The excellent course package includes a facilitator’s handbook of over 100 pages written in a clear, consistent style, with several pages devoted to each session. It is a model of thoroughness and simplicity which considerably eases the facilitator’s preparation. All the materials for sessions – handouts, videos, CDs, cards with words or pictures, even pens and post-it notes – are included in the package. Materials are designed to be readily photocopied so that the package can be used time and time again. There are also nine substantial but very pertinent pamphlets and journals provided as resource material (including Janie O’Shea’s 1993 Backhouse Lecture Living the Way). And there is a list of recommended books for a Meeting Library, many of which our Regional Meetings would have.
The success of “Hearts and Minds Prepared” is partly due to its very careful preparation, editing and trialling. Not only are the content, structure, activities and resources excellent, but the words and phrases in notes, introductions and questions seem always very carefully thought about and well-chosen. Such preparation takes time, and this, together with an undertaking that the project would be self-funding leads to its substantial price tag – around $400. Nevertheless we are sure that it is worth paying this for such a professional piece of work and to recoup its value through a series of small group courses.

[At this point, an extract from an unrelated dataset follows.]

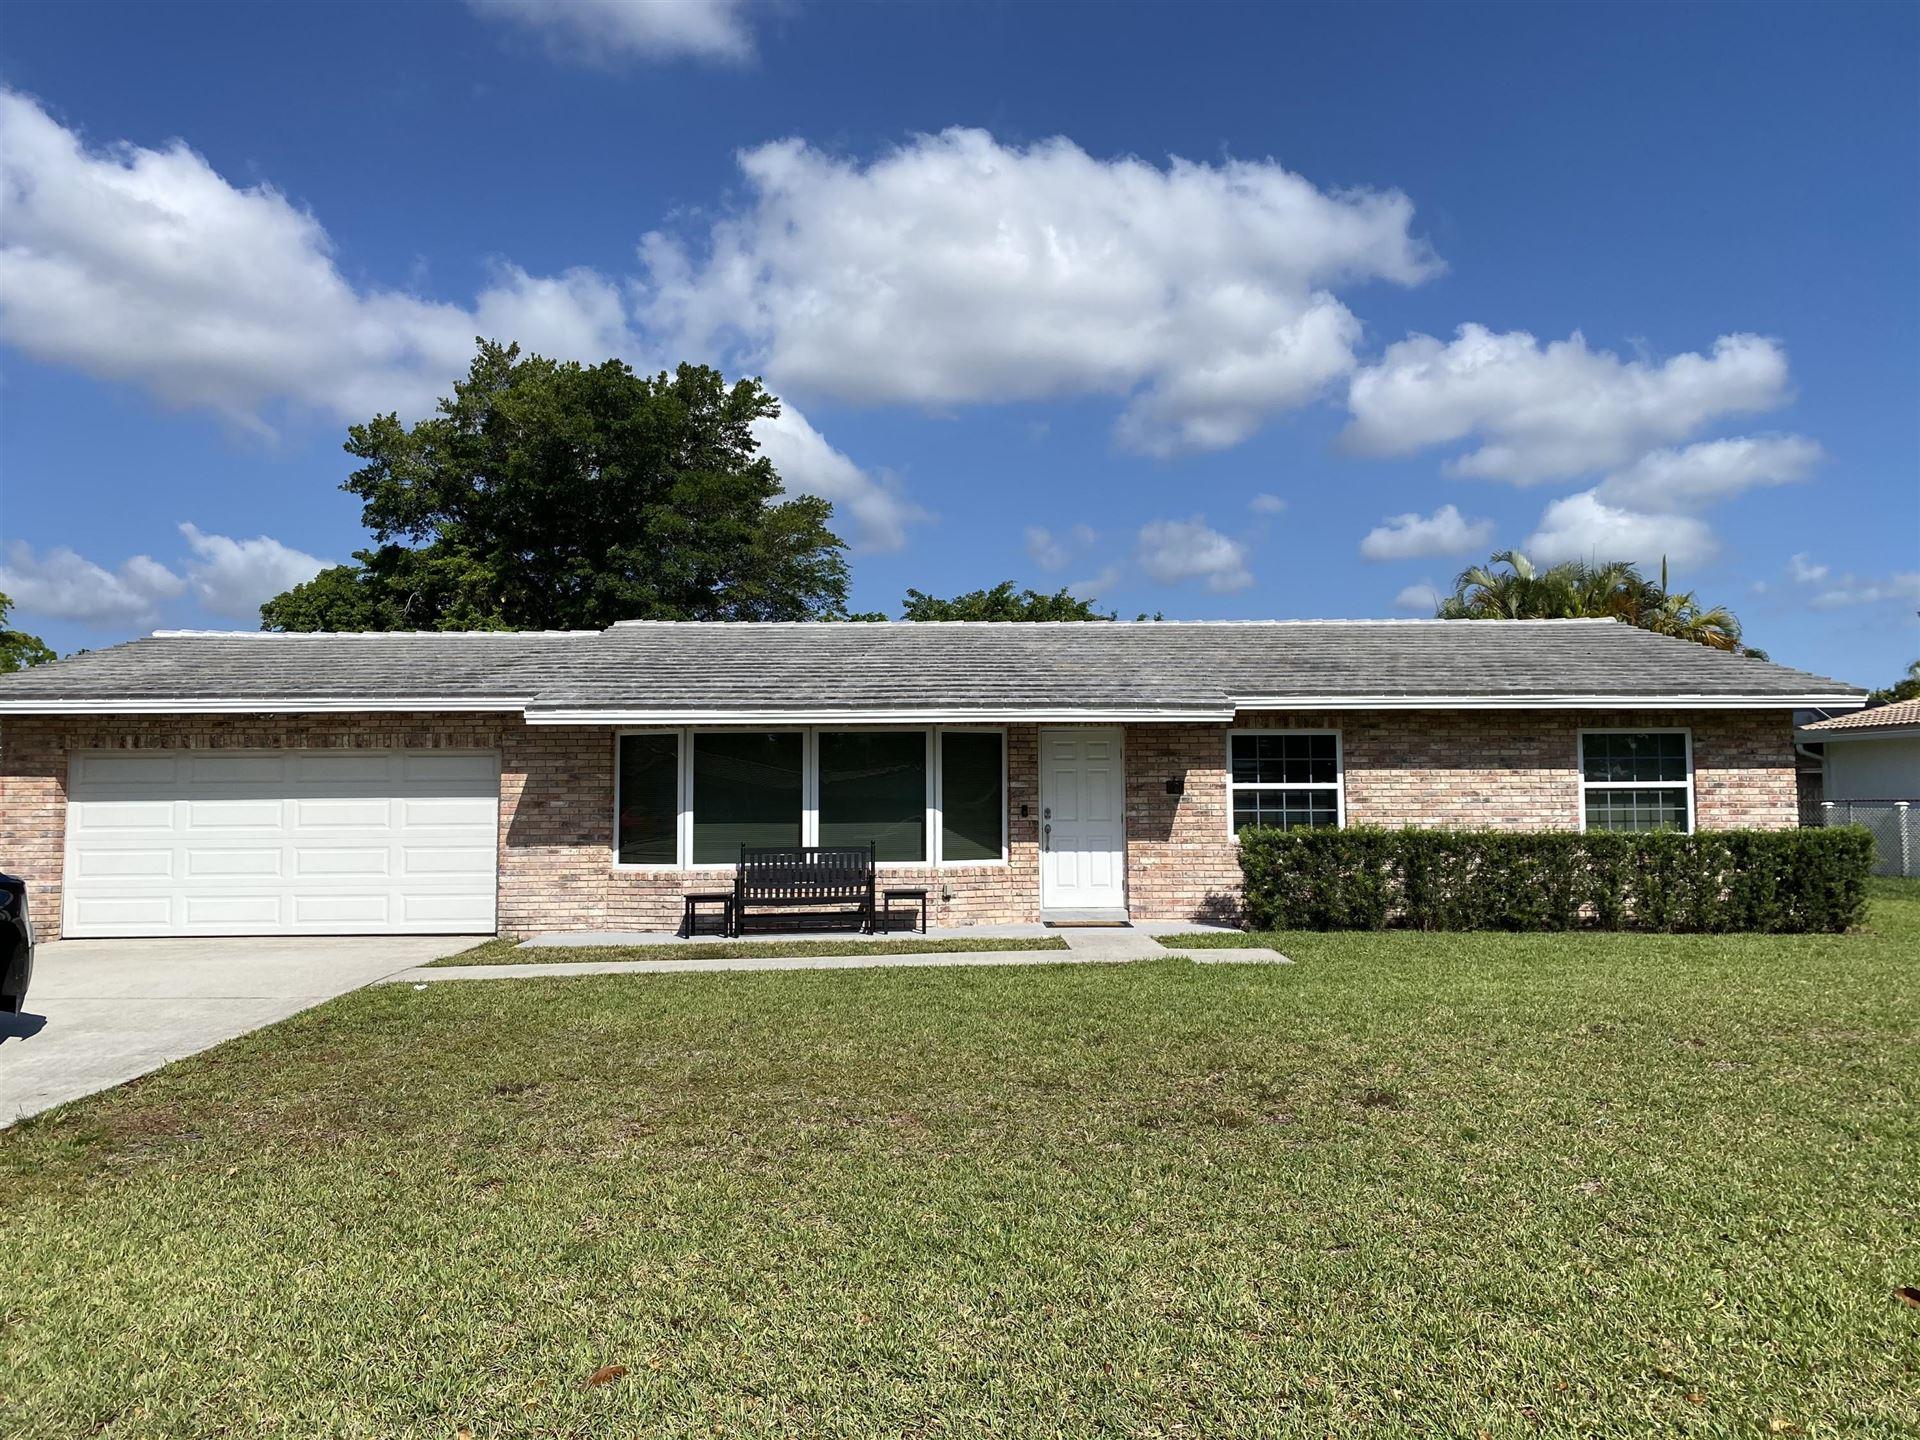 3720 NW 108 Drive, Coral Springs, FL 33065 - MLS#: RX-10713576
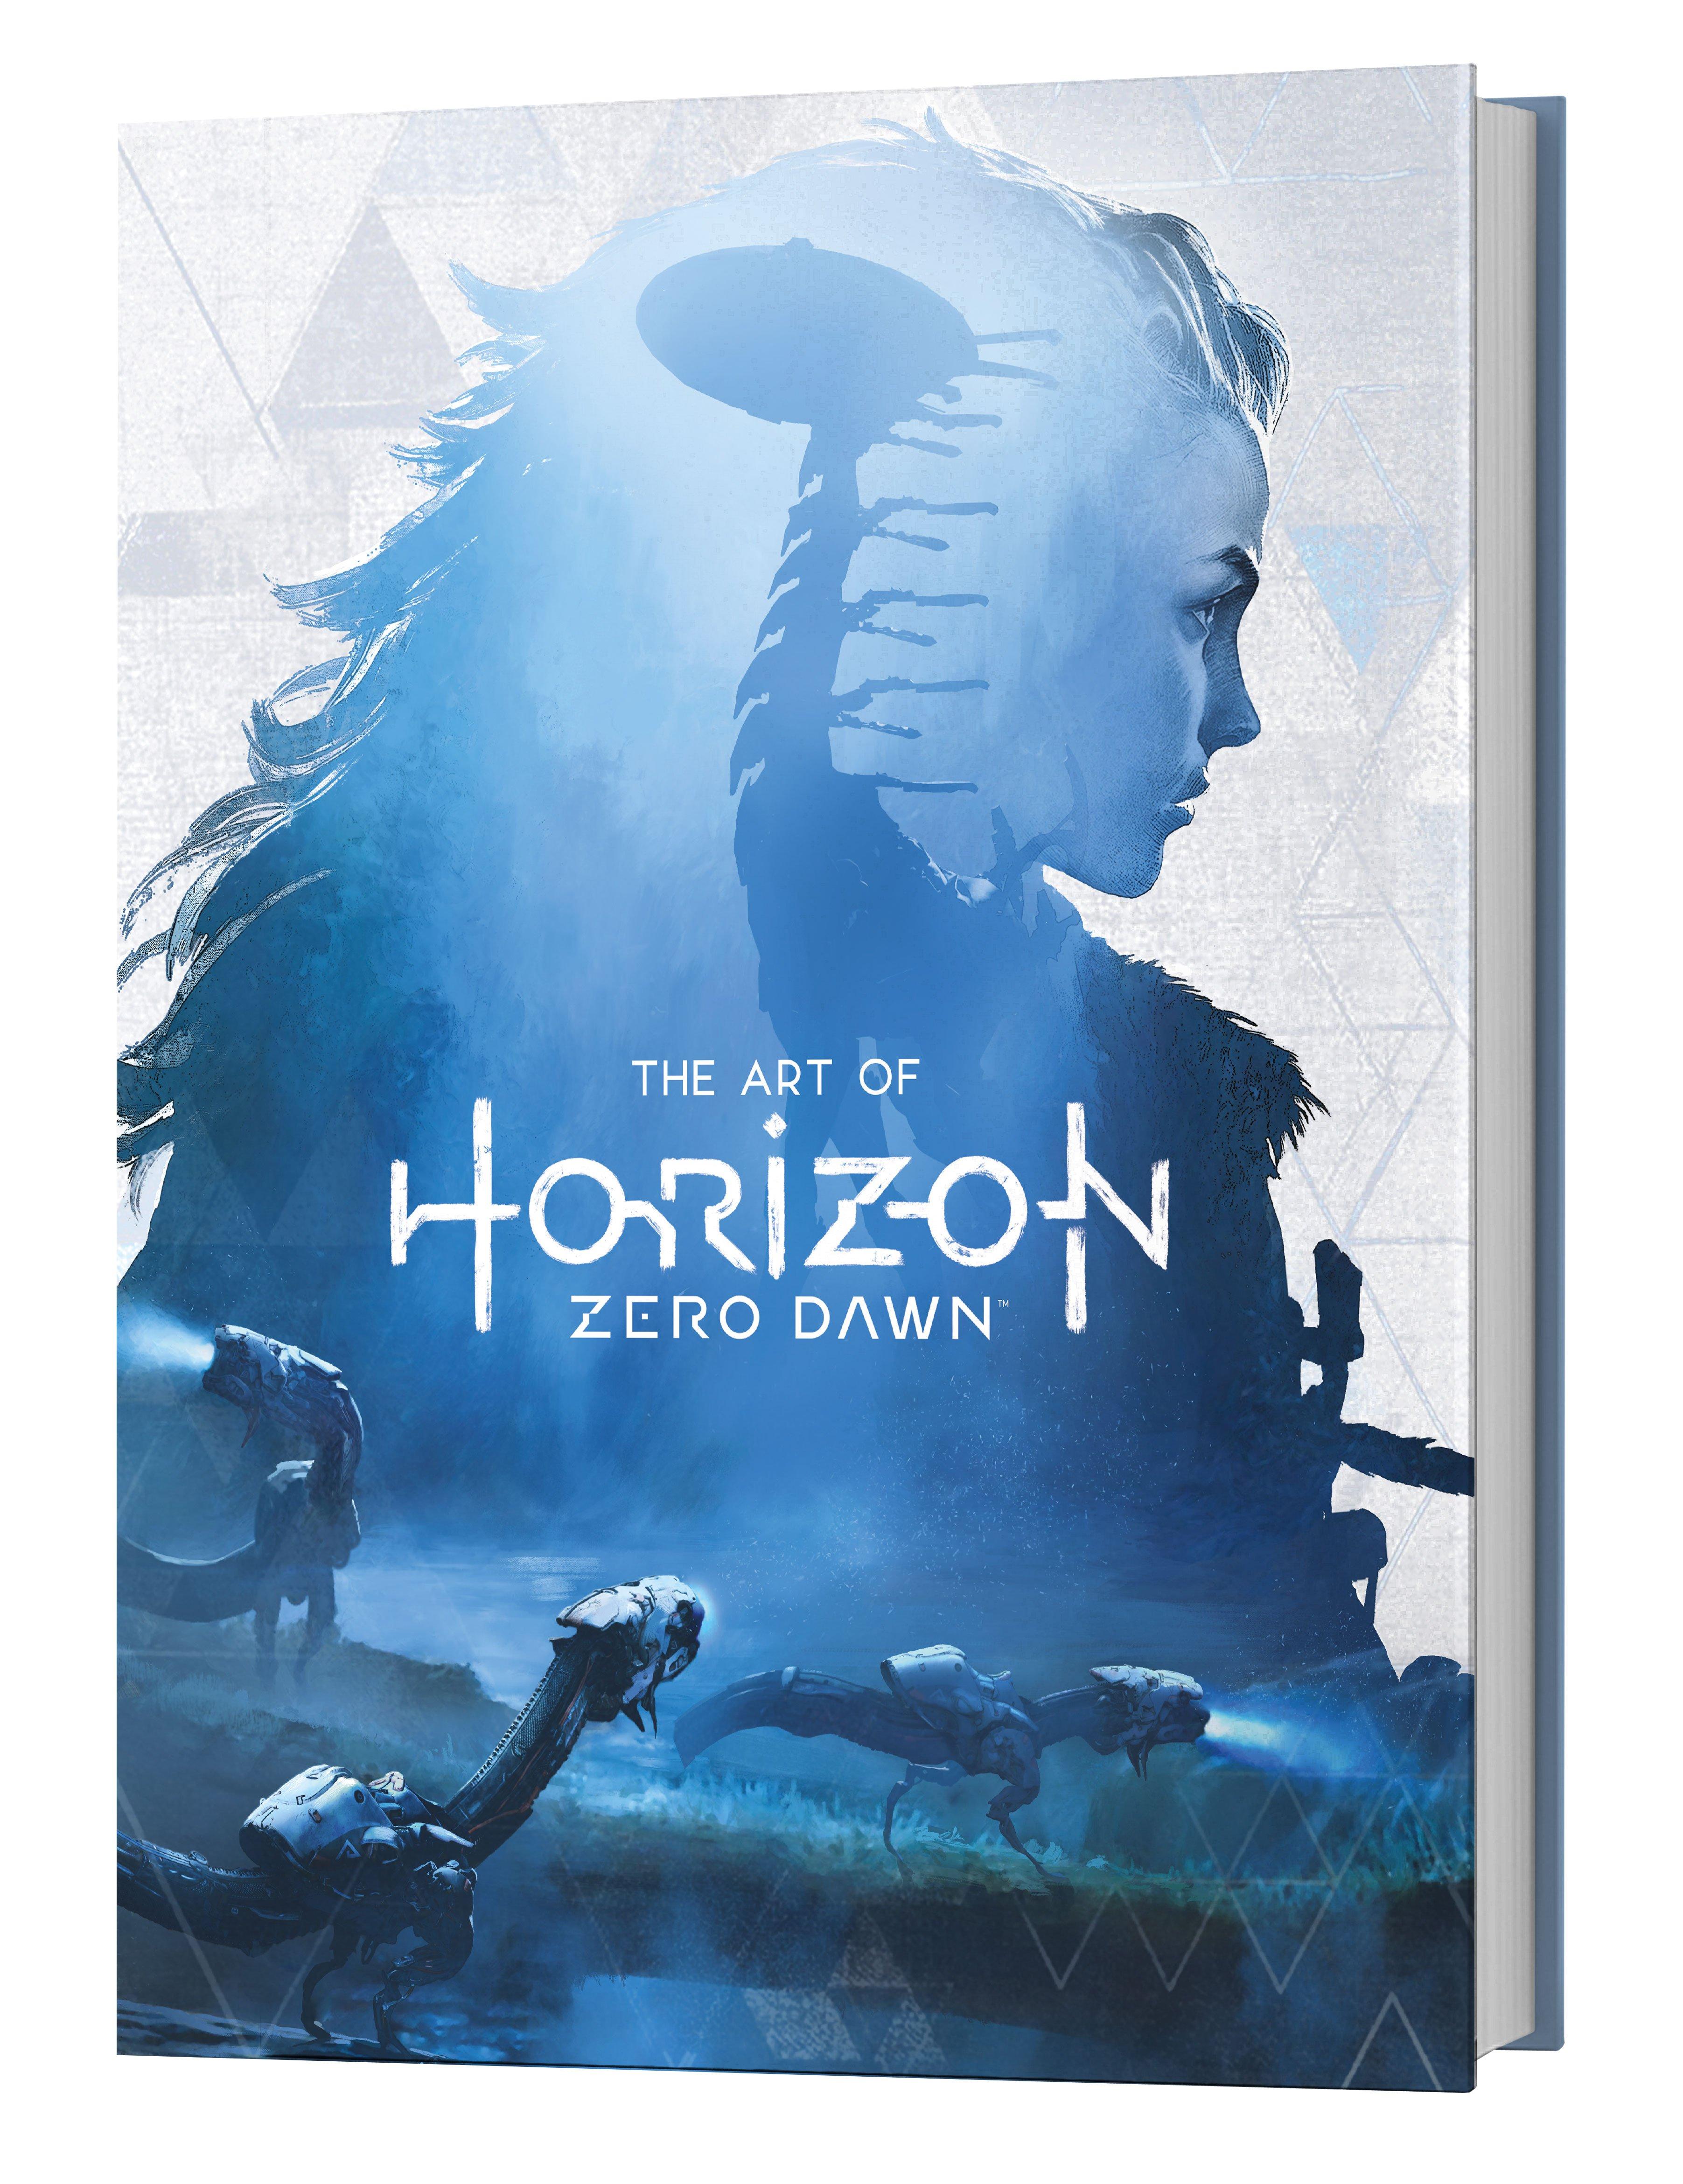 Horizon-ZeroDawn PS4 Div 030

Another aspect of the care put into the course is the insistence by its developers that would-be facilitators undertake a day’s training before the package is used – something which is relatively easy to organise in UK, if a bigger job than expected because of its success – but more tricky for Australian purchasers. By an accumulation of coincidences, I participated in training in Exeter even though at the time there was no expectation that we would buy the package, but as a result I am now authorised to train potential facilitators in Australia.
I feel that this course-specific training is useful, even for those well-versed in facilitation in general. It focuses on trainees participating in, and taking turns in leading, the specific sorts of activity the course entails – but with the training content focused on the process of facilitation rather than course content. I and others feel that the training allowed us to approach each week’s content confident about the facilitation methods and activities involved. My major experience as a trainer is in South Australia where sixteen potential facilitators met in two groups. We all found the days extraordinarily worthwhile – some said that they found it an important and deep event even if they did not become facilitators. If there is any interest, I have agreed to offer a training day at Yearly Meeting in Hobart in 2007.